Nested
Definition. A sequence of sets $\{ I_n \}_{n=1}^\infty$ is said to be nested if $I_n \supset I_{n+1}, \forall n \in \mathbb{N}$.
Nested Interval Theorem
Theorem. If $\{ [a_n, b_n] \}_{n=1}^\infty$ is a nested sequence of intervals, then
(i) $\bigcap_{n=1}^\infty [a_n, b_n] \neq \emptyset$.

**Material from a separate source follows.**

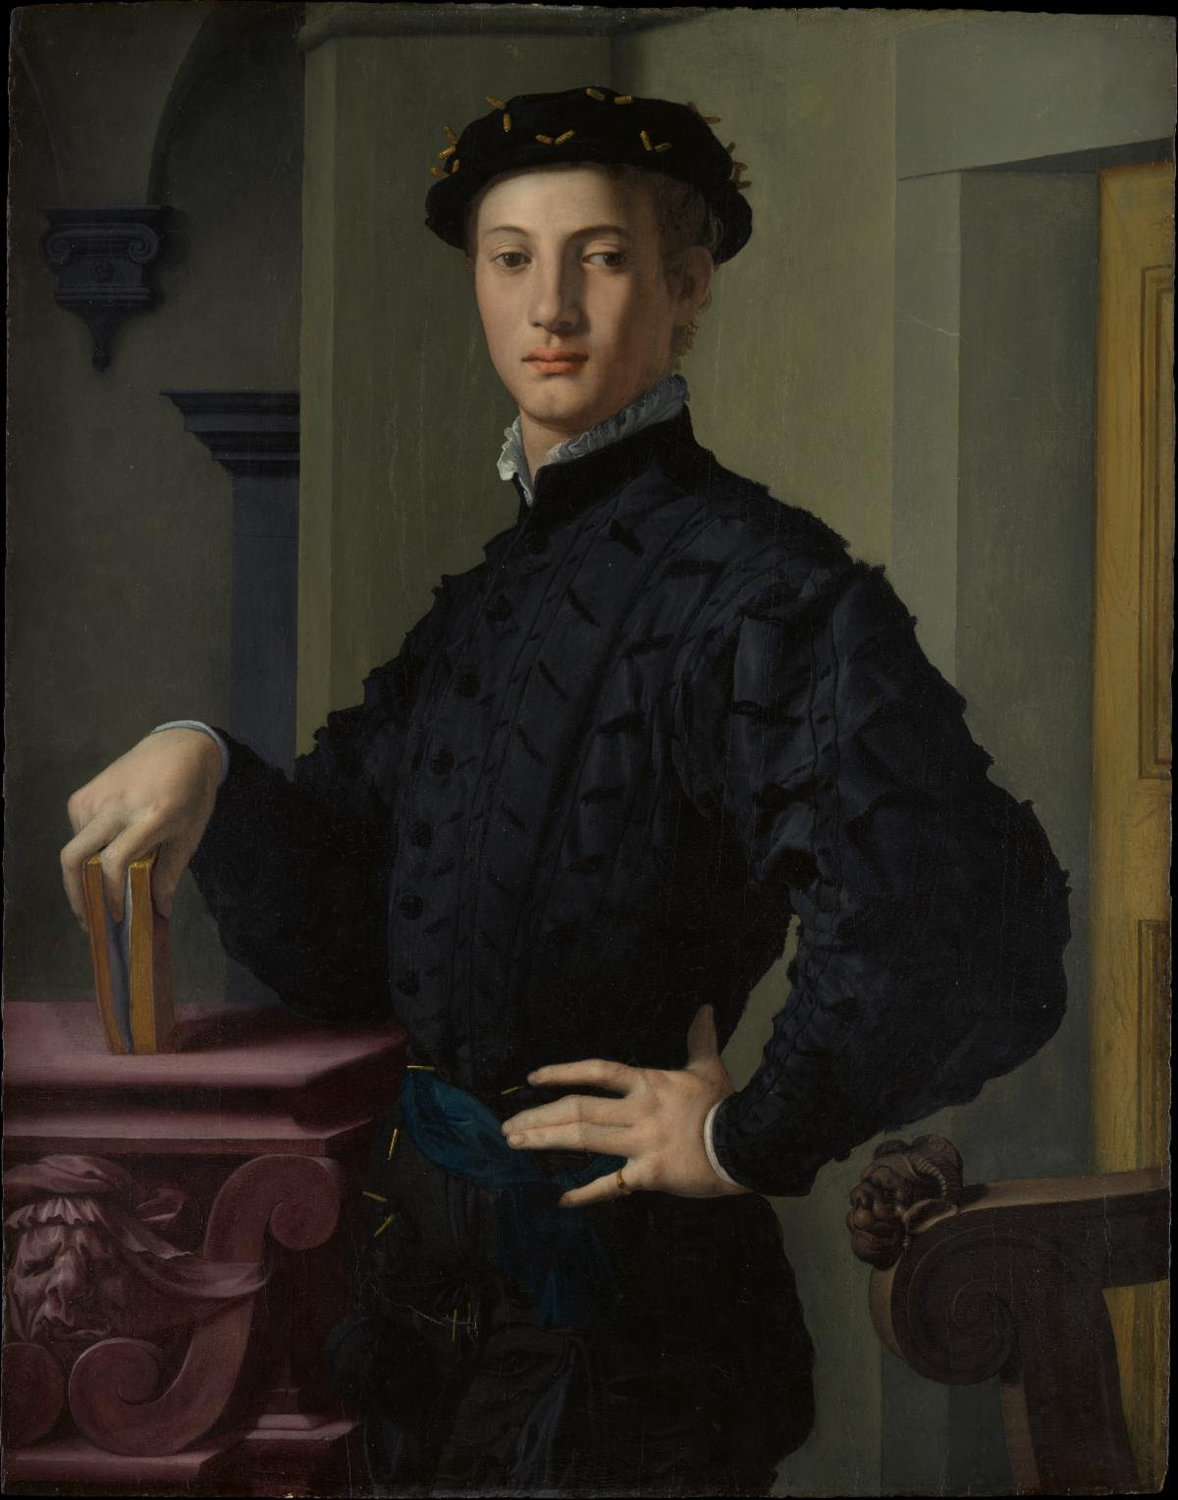 Bronzino (Agnolo di Cosimo di Mariano) (Italian, Monticelli 1503–1572 Florence). Portrait of a Young Man, 1530s. Oil on wood, 37 5/8 x 29 1/2 in. (95.6 x 74.9 cm). H. O. Havemeyer Collection, Bequest of Mrs. H. O. Havemeyer, 1929 (29.100.16)
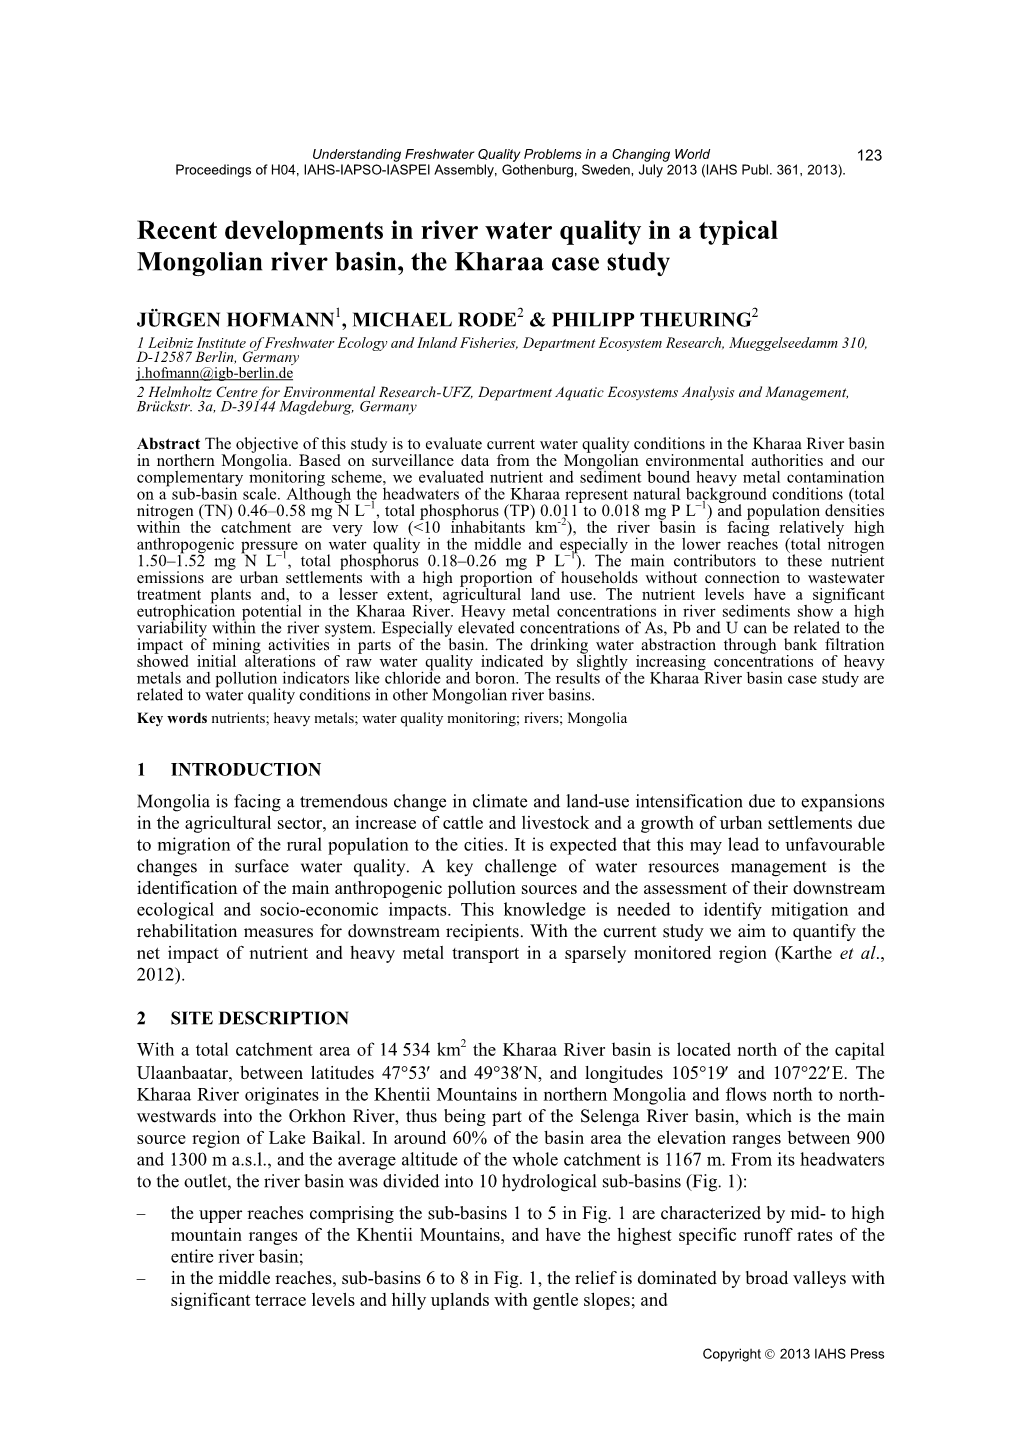 Recent Developments in River Water Quality in a Typical Mongolian River Basin, the Kharaa Case Study

(ii) If $\lim_{n \to \infty} (b_n - a_n) = 0$, then $\bigcap_{n=1}^\infty [a_n, b_n]$ is a singleton.
Proof.
(i) Since $\{ a_n \}$ is increasing and bounded, and $\{ b_n \}$ is decreasing and bounded, $a_n \uparrow a$ and $b_n \downarrow b$ for some $a, b \in \mathbb{R}$. Since $a_n \le a \le b \le b_n, \forall n \in \mathbb{N}$, we have $$x \in [a, b] \iff x \in [a_n, b_n], \forall n \in \mathbb{N} \iff x \in \bigcap_{n=1}^\infty [a_n, b_n].$$ Thus $\bigcap_{n=1}^\infty [a_n, b_n] \neq \emptyset.$
(ii) Suppose that $\lim_{n \to \infty} (b_n - a_n) = 0$. Since $0 \le b - a \le b_n - a_n, \forall n \in \mathbb{N}$, we have $\lim_{n \to \infty} (b - a) = 0$, which implies that $a = b$, and $\bigcap_{n=1}^\infty [a_n, b_n]$ is a singleton. $\blacksquare$